## To do
Write out the data exactly as given, dropping every picture.

## Provided material

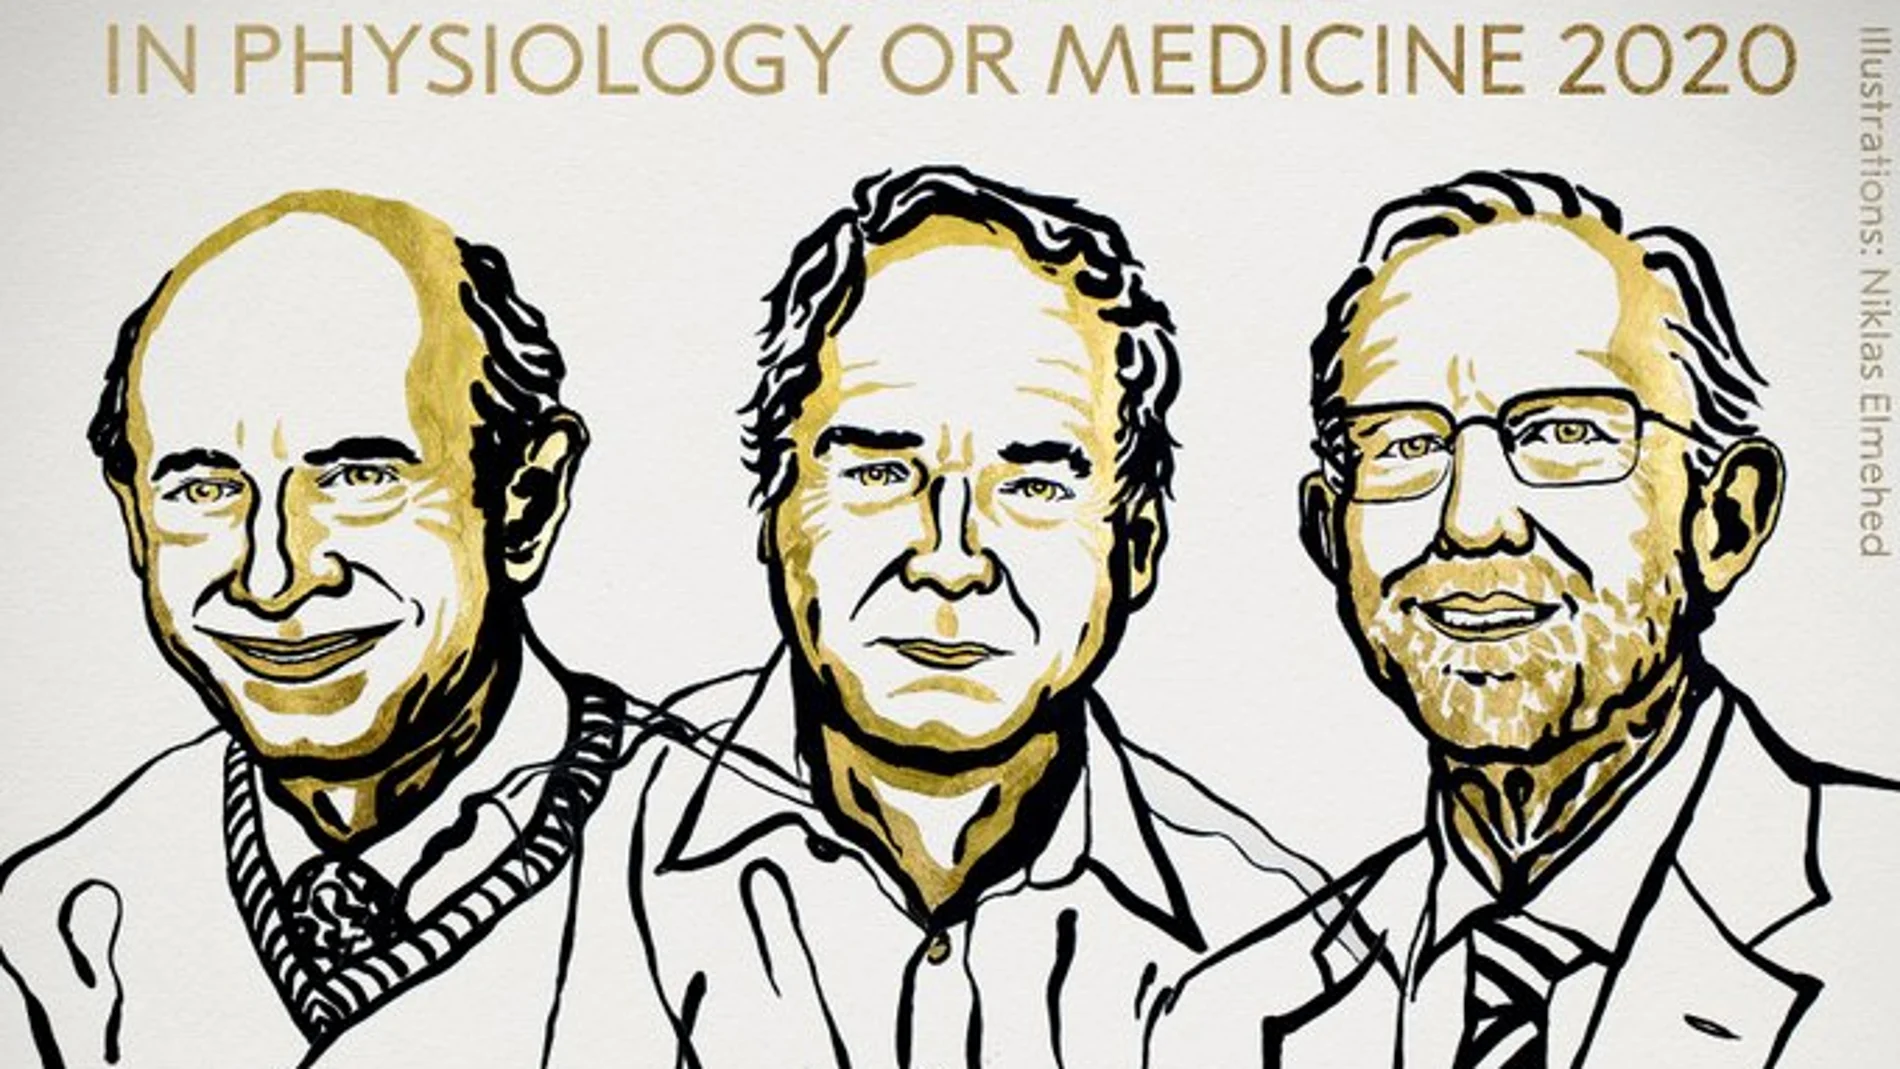 Harvey J. Alter, Michael Houghton y Charles M. Rice, ganadores del premio Nobel de Medicina 2020
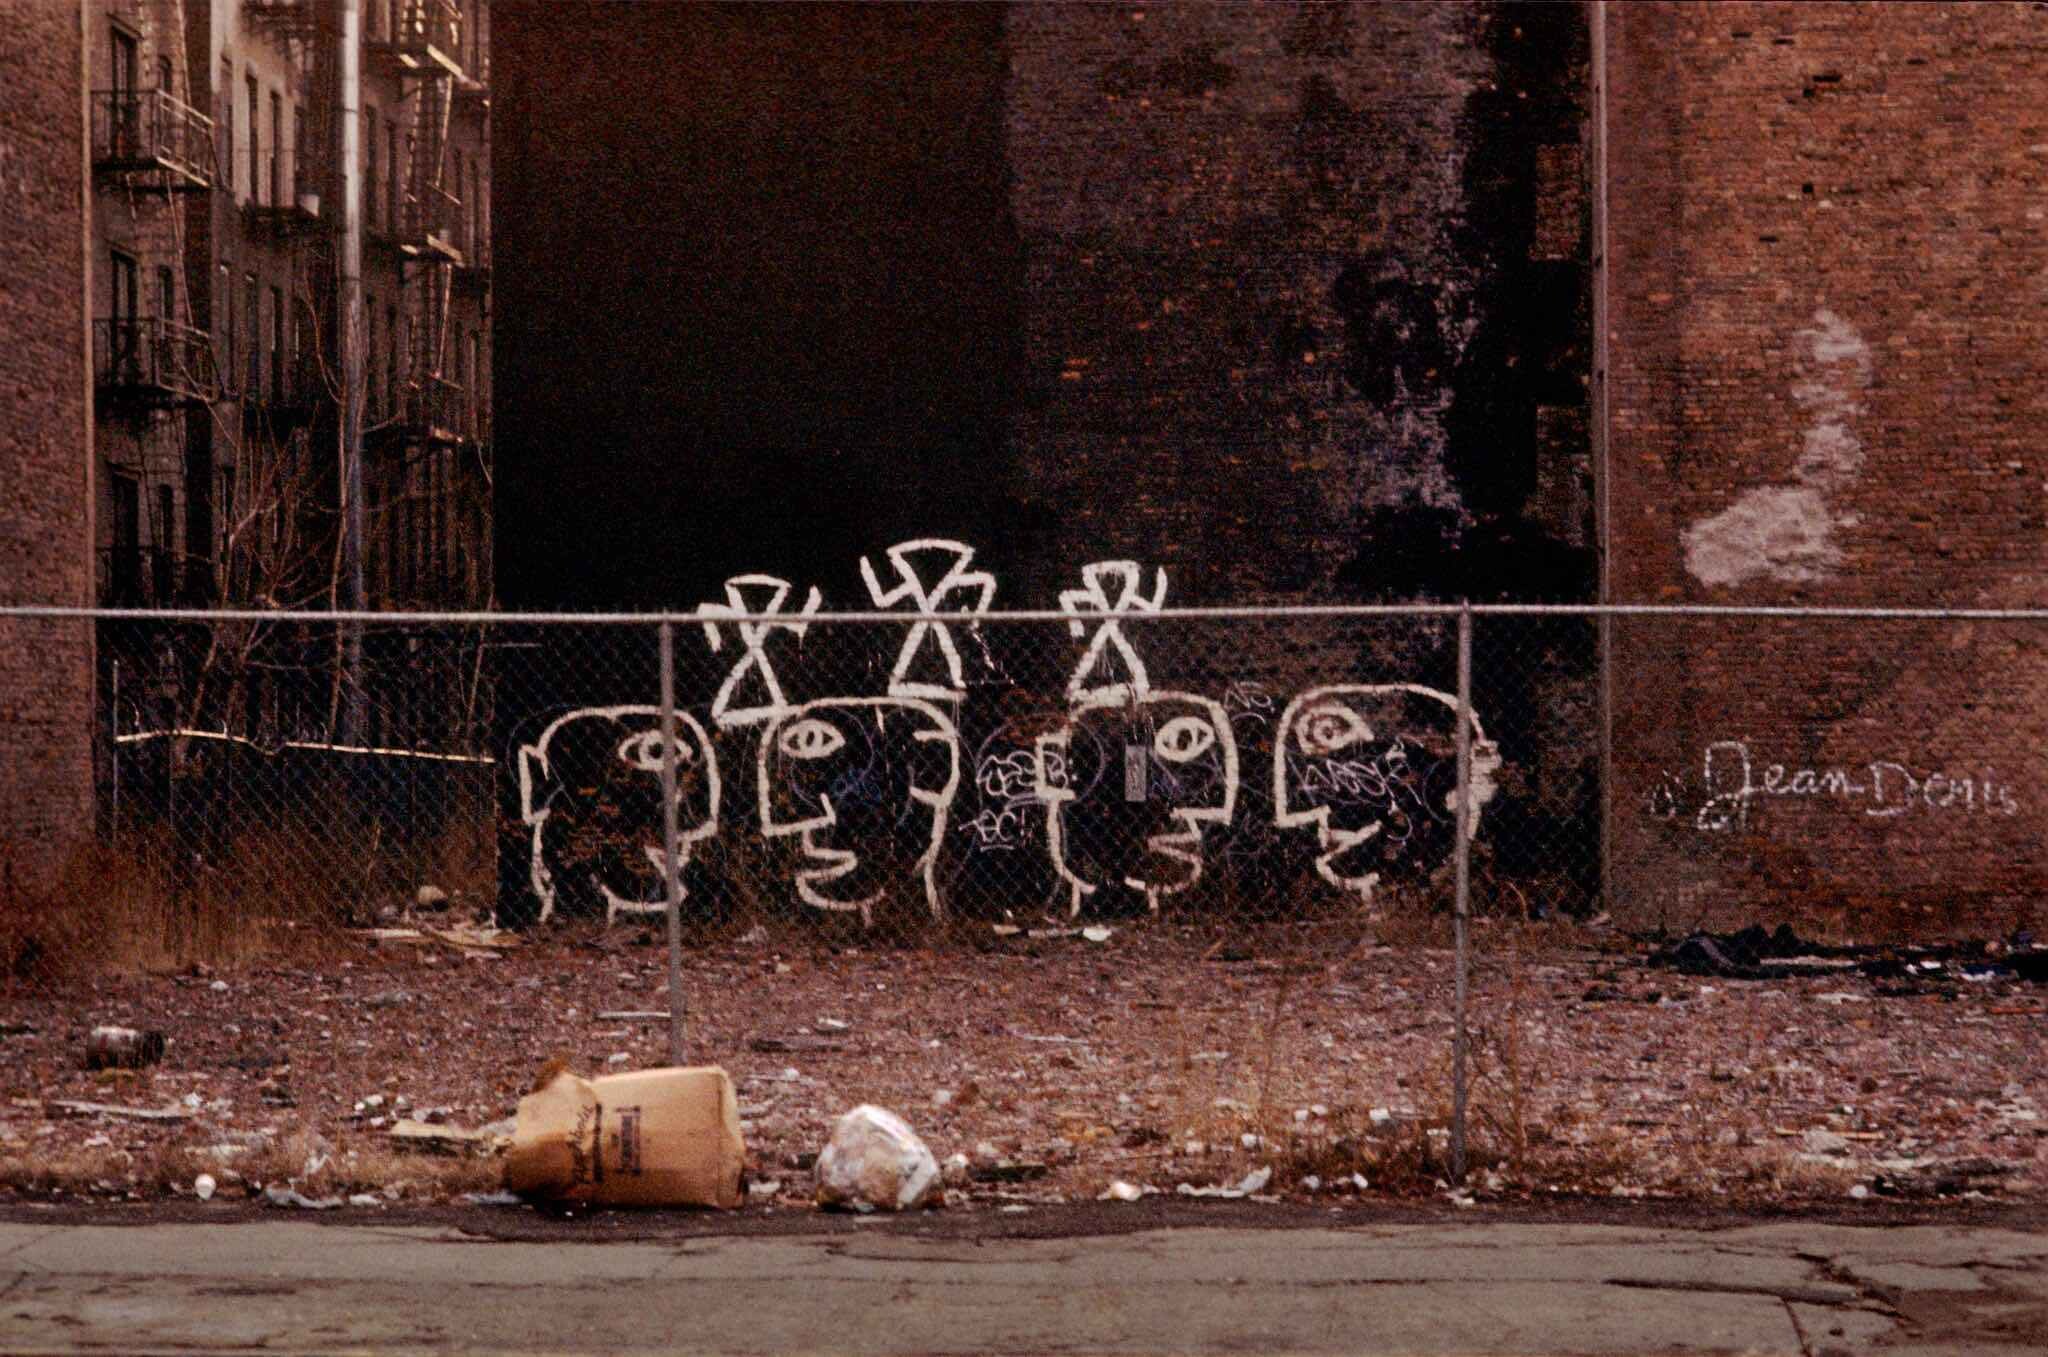 1986 год, Нью-Йорк, пустырь и граффити. Фотограф Франк Хорват
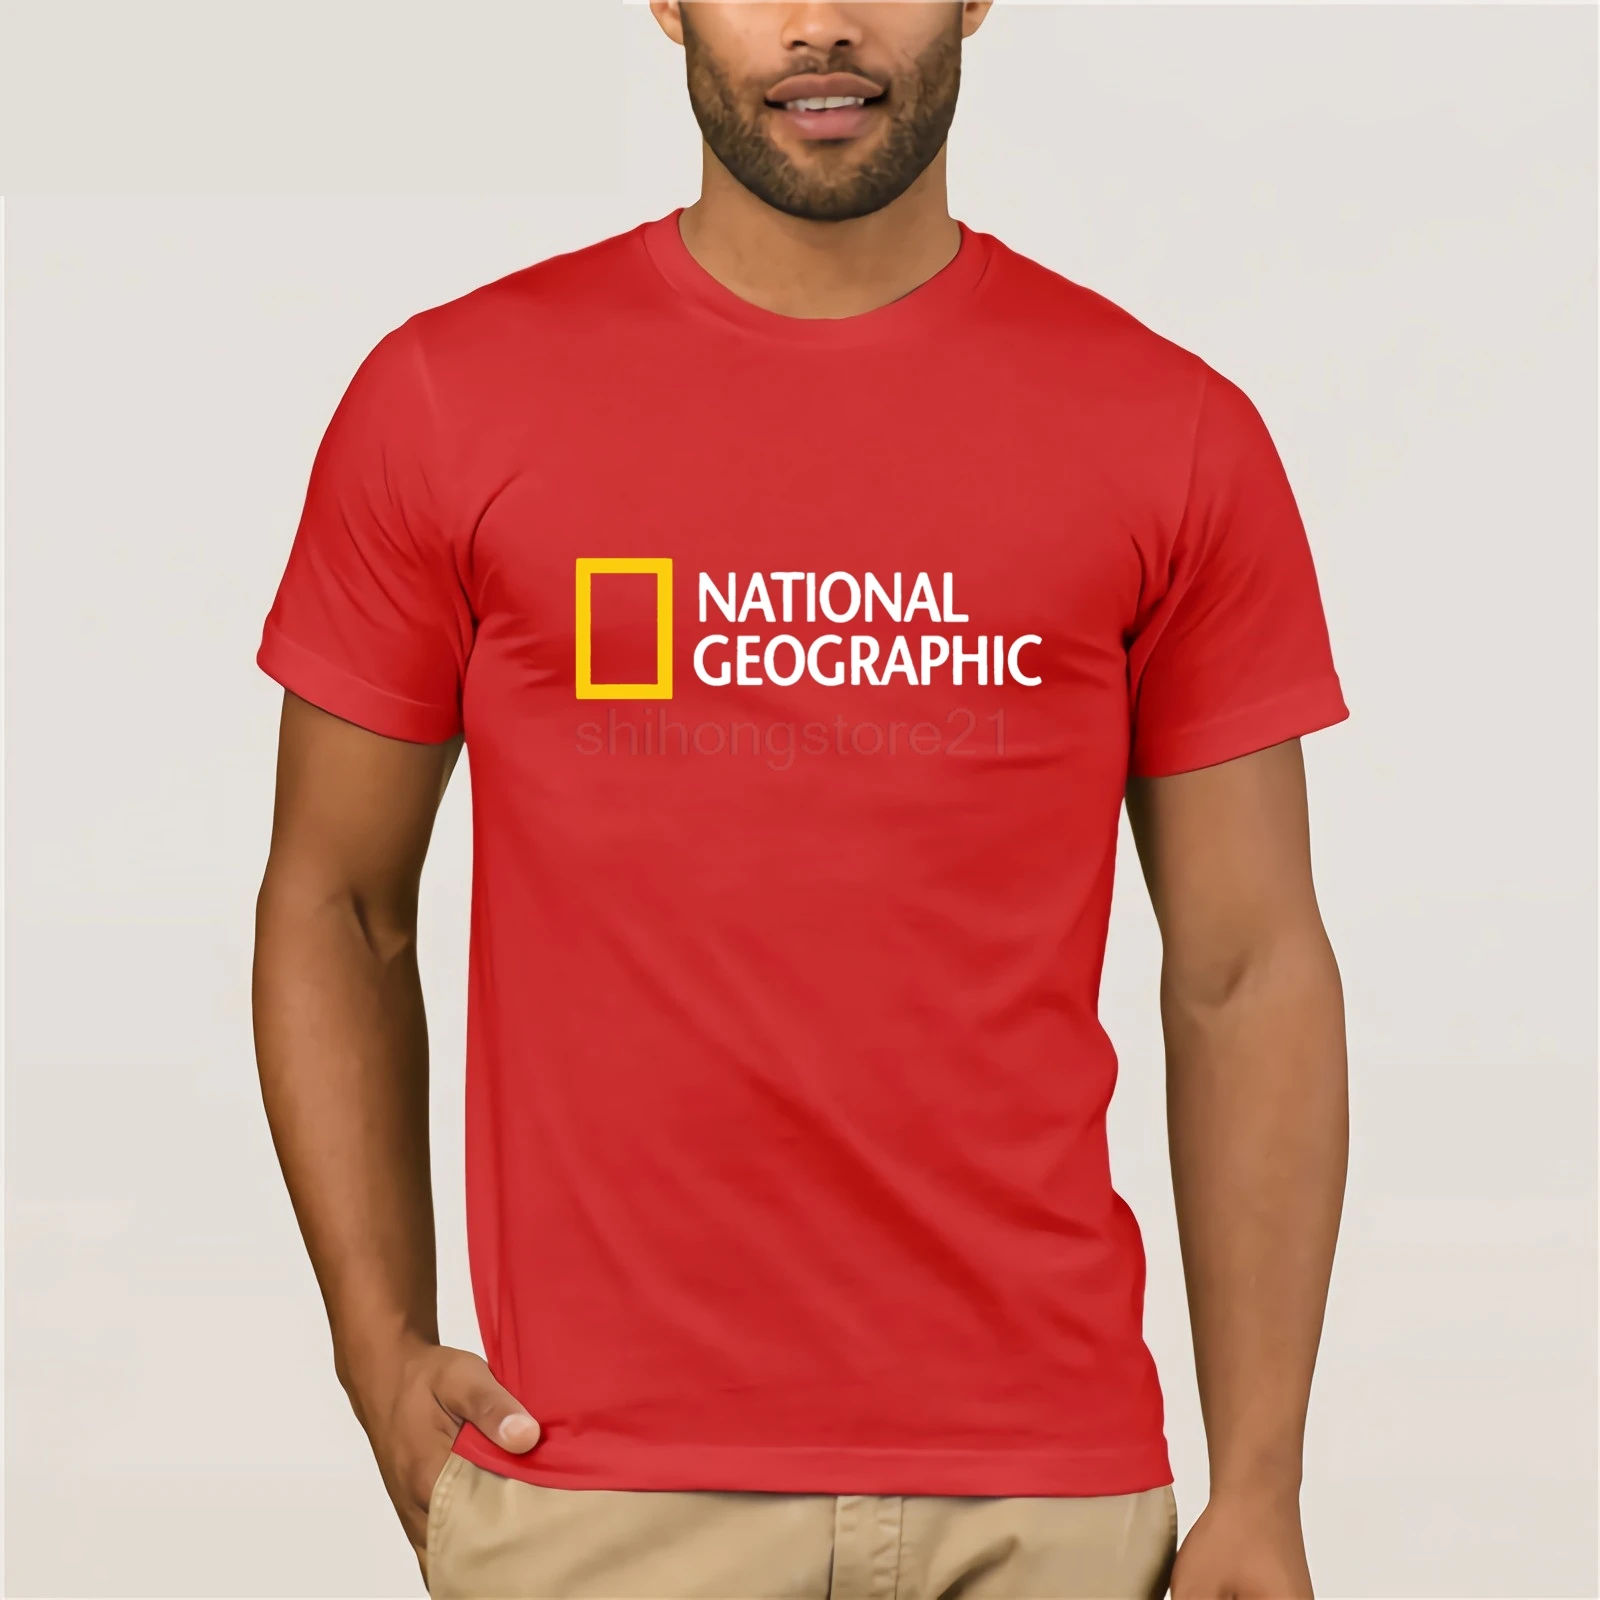 Футболка с логотипом National Geographic футболка одежда короткий рукав новинка S-XXL

## Solution
 Harvey J. Alter, Michael Houghton y Charles M. Rice, ganadores del premio Nobel de Medicina 2020
 1986 год, Нью-Йорк, пустырь и граффити. Фотограф Франк Хорват
 Футболка с логотипом National Geographic футболка одежда короткий рукав новинка S-XXL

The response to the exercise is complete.